Descano accused Miyares of disregarding legal standards and attacking him to score political points.
"I think that talk coming from the attorney general is really shameful and speaks poorly of him as public servant," Descano said. "As somebody who should know how prosecution works, he should be familiar with the fact that prosecutors every single day in every jurisdiction have to do what they can with the evidence presented."

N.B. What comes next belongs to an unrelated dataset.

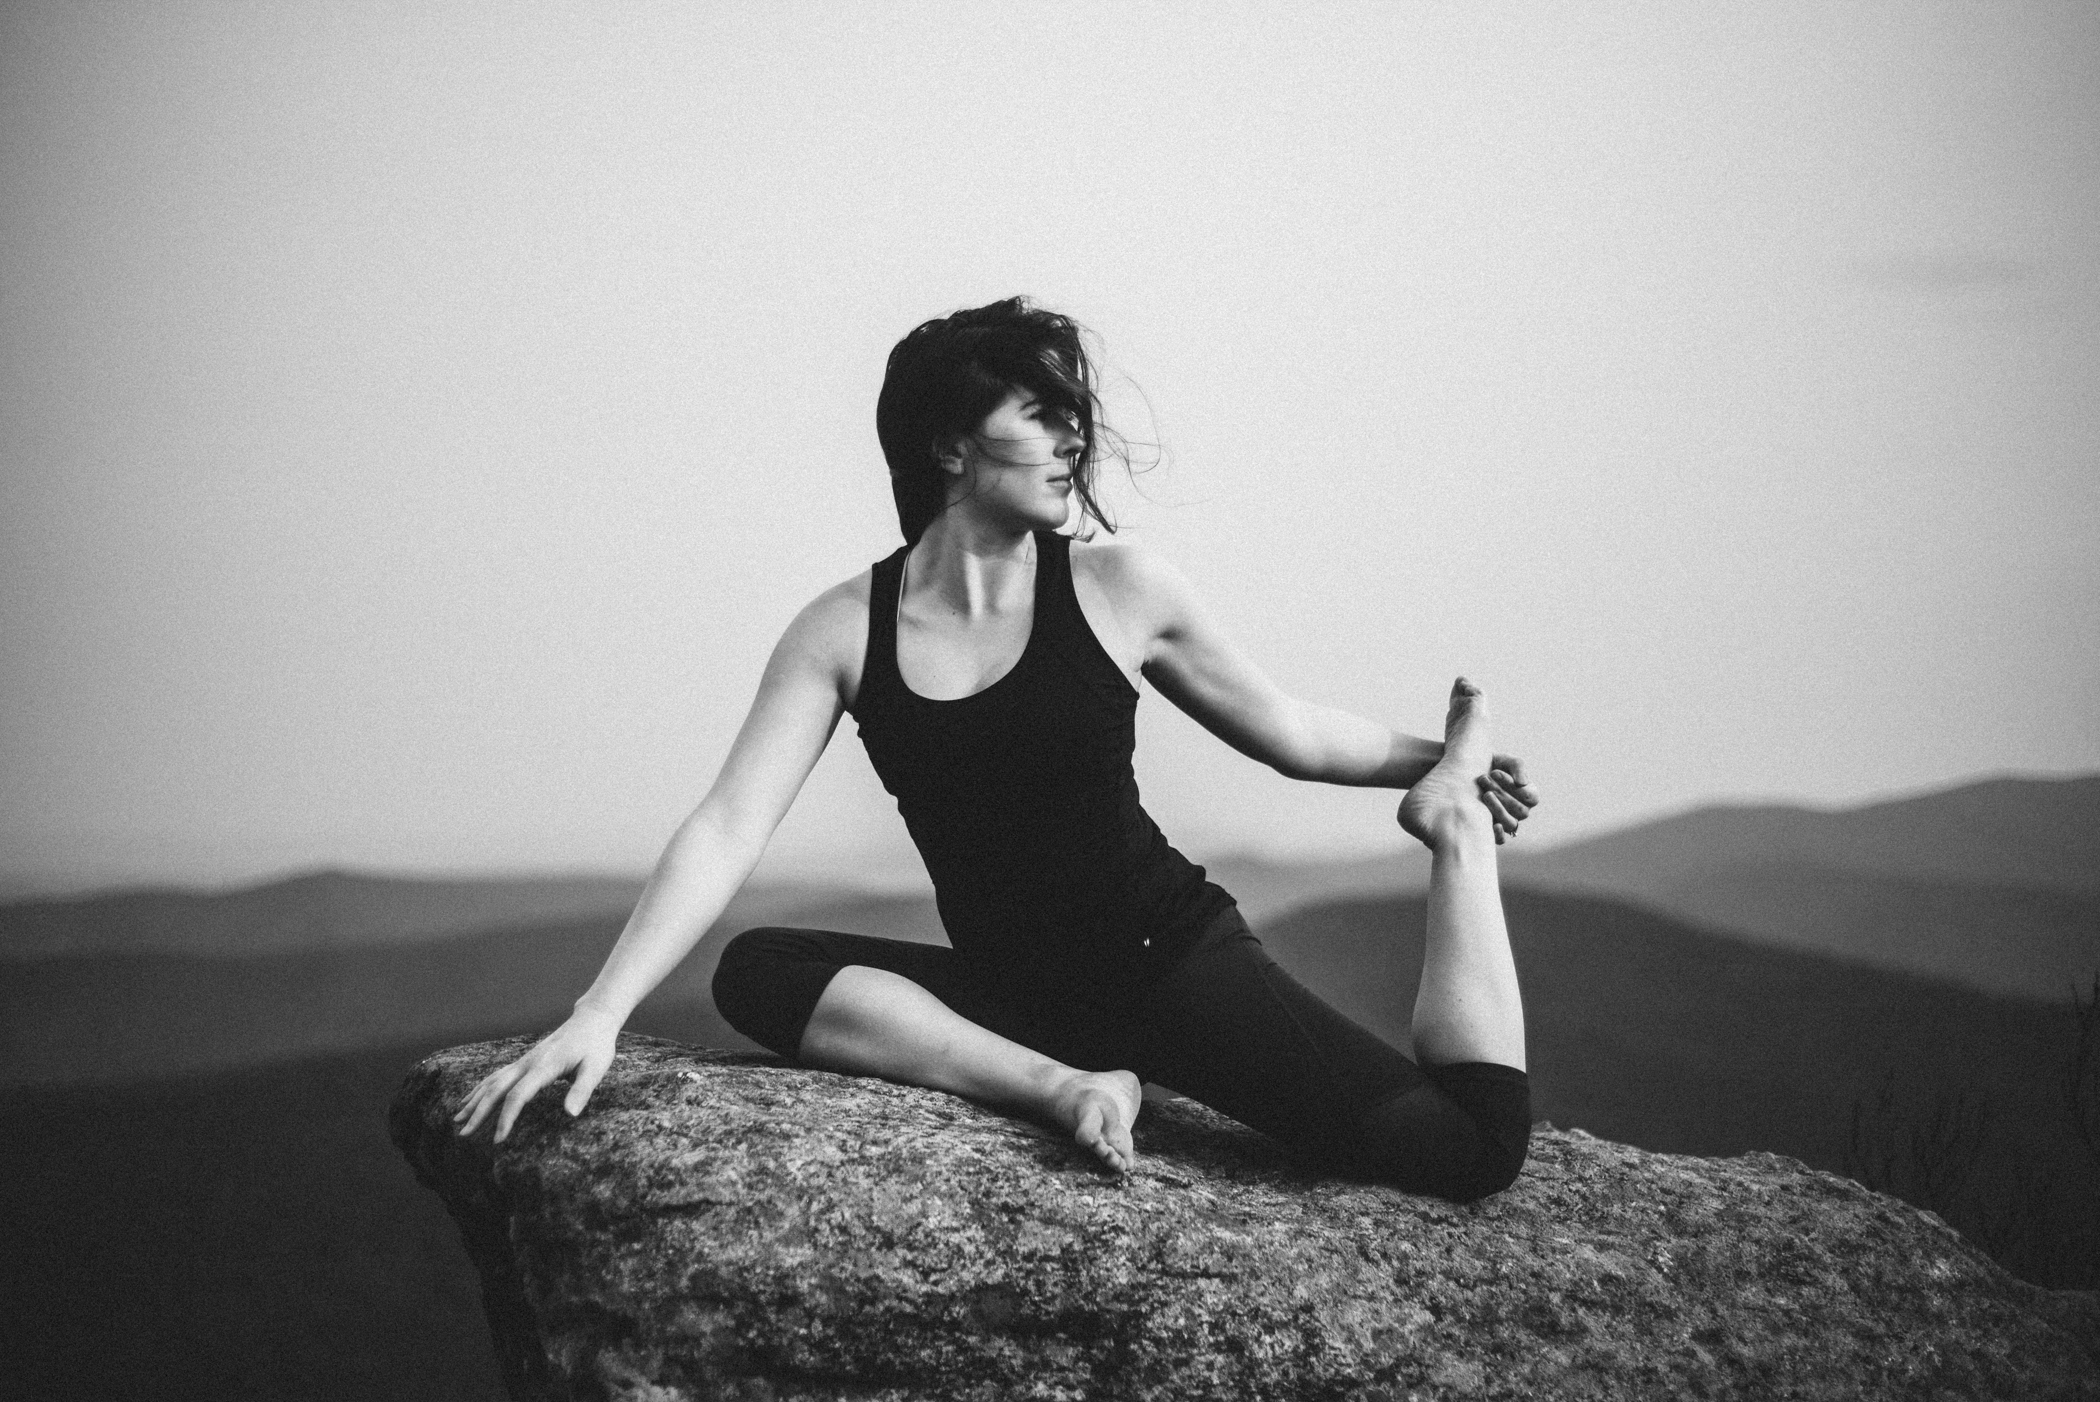 Yoga Mountain Top Yoga Portraits at Shenandoah National Park_3.JPG

The two men went at it in social media posts Wednesday, with Mirayes, a Republican, flatly concluding “these murder should have been prevented." Descano, a Democrat, fired back, calling Miyares' words “uninformed scaremongering.”
Miyares says that Descano, who was elected pushing for criminal justice reform, should consider stepping aside.
"I’m happy to do his job if he won’t do it," said Miyares, who worked as a prosecutor in Virginia Beach before his political career began.
But Descano says he’s staying put, committed to improving public safety.
"Jason Miyares apparently wants to ignore the law and prosecute in a way that ignores the duties of a real prosecutor," Descano said, "and we will not let that happen in Fairfax County."